À quoi bon vouloir forcer les serrures des raisons d'être ou d'exister dans un monde voué à l'absurde, nous redit l'écrivain qui, dans ses oeuvres, préfère renouveler, en nous, le voeu et l'appétence pour une vie qui se manifeste autrement de façon plus convaincante par la somme des détails et des connivences avec le reste de l'univers qui peuvent se reconnaître en la vie de chacun(e) que par la prétention assez vaine à tendre vers l'ontologique à tout prix. Oubliés, les églises, pasteurs et autres cimetières, puisqu'ils sont bel et bien EN nous et qu'ils n'ont pas tant besoin de se montrer si prompts à prêcher pour de brinquebalantes paroisses. Car ce ne sont pas les 500 jours derniers que nous avons tous passés avec le vrai oscillement lancinant d'une épée de Damoclès au-dessus de nos absences de fêtes, qui nous persuaderont du contraire...

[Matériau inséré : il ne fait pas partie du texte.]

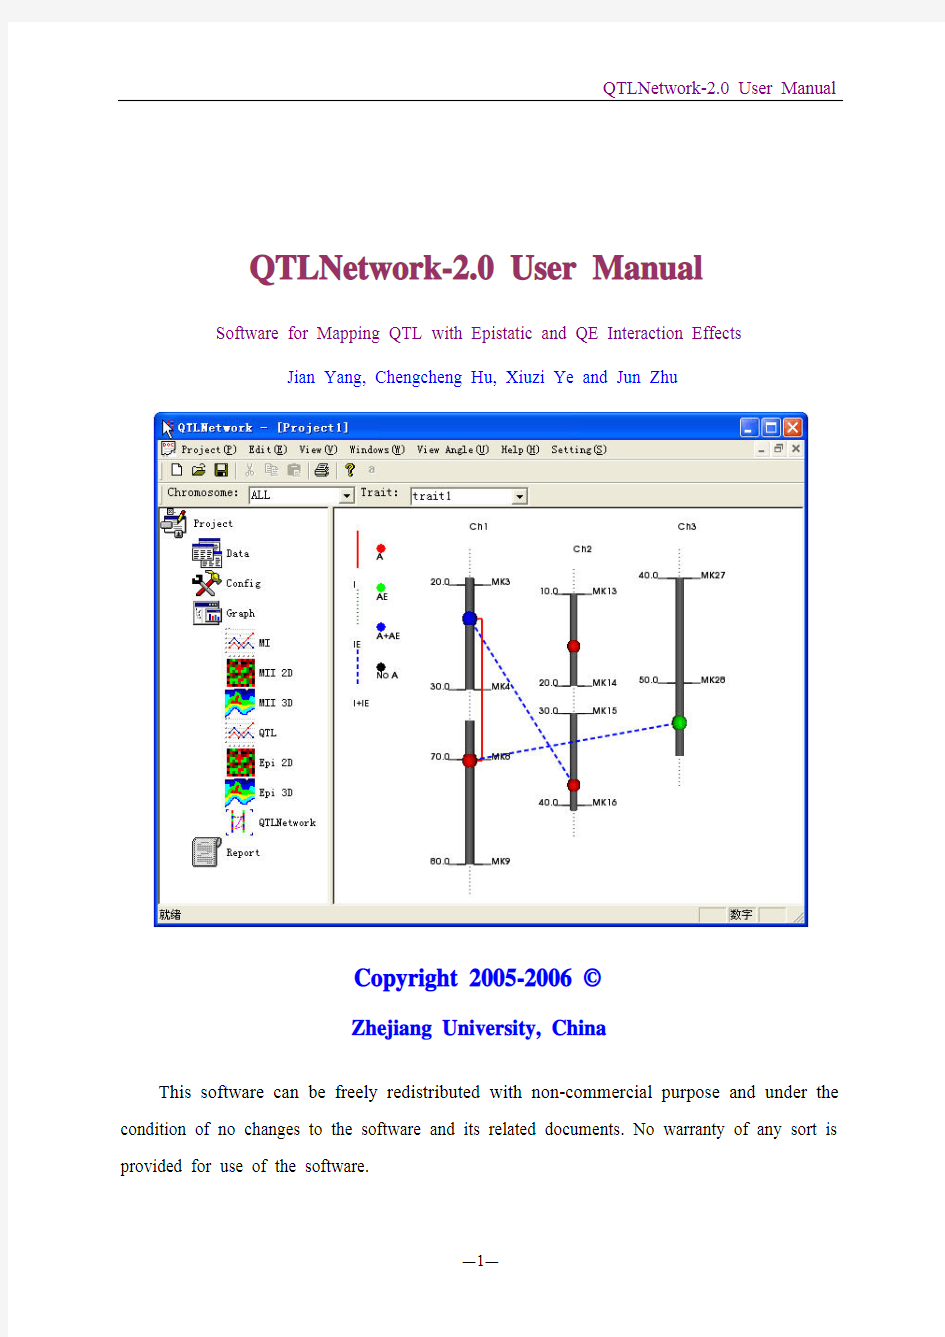 QTLNetworkUserManual

Mieux vaut trembler, s'émouvoir avec les vies de Davíð, Sólrún, Jónas, Ágústa, Elísabet ou Kristín, héros malgré eux d'une saga qui planque, à dessein, chez eux, plus ou moins habilement, toute veilléité de déification... : afin qu'ainsi, quoique étrangers à nous-mêmes, ils semblent pourtant nous être déjà décidément familiers.

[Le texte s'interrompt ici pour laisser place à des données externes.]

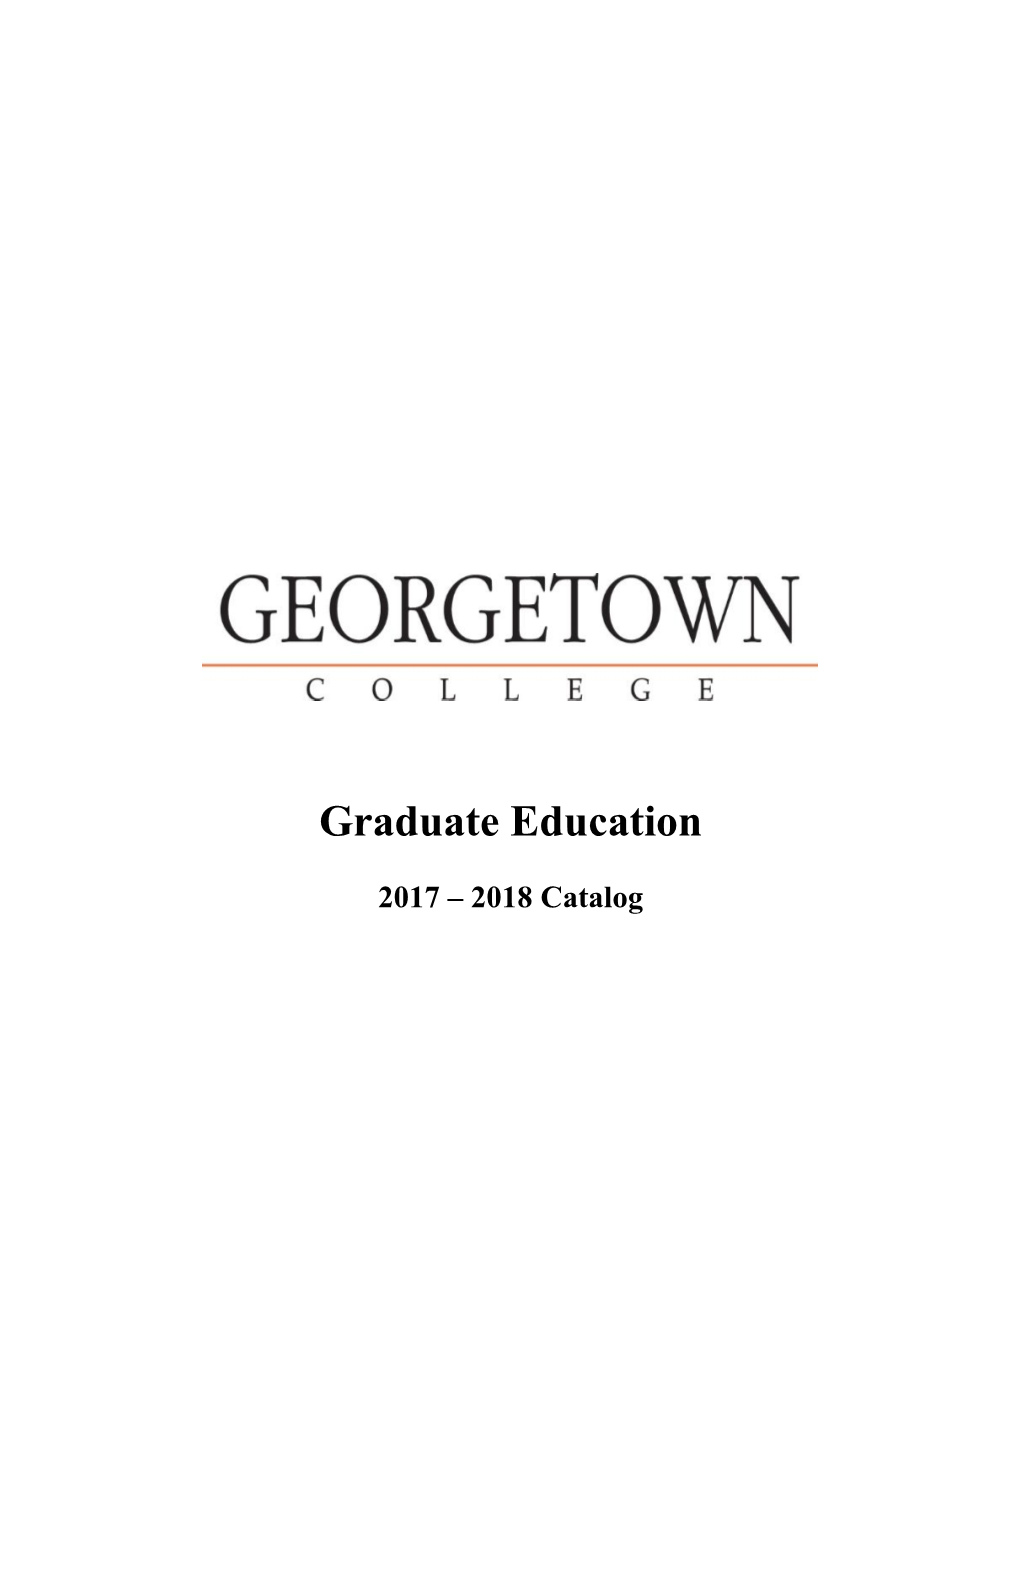 Georgetown College Graduate Education Catalog 2017-2018

(1): Sumarljós og svo kemur nóttin, © 2005 Lumière d'été puis vient la nuit, traduit de l'islandais par Eric Boury, © 2020, éditions Grasset

(2): Saga Ástu: Hvert fer maður ef það er engin leið út úr heiminum? (2017) Ásta : où se réfugier quand aucun chemin ne mène hors du monde ?, traduit par Éric Boury, Paris, Éditions Grasset, coll. « En lettres d'ancre », 2018  réédition, © Paris, Gallimard, coll. « Folio », 2019.

(3)Himnaríki og helvíti (2007) - Prix Critiques Libres 2013 dans la catégorie Roman traduit Entre ciel et terre, traduit par Éric Boury, © Paris, Gallimard, coll. « Du monde entier », 2010, réédition, © Paris, Gallimard, coll. « Folio ».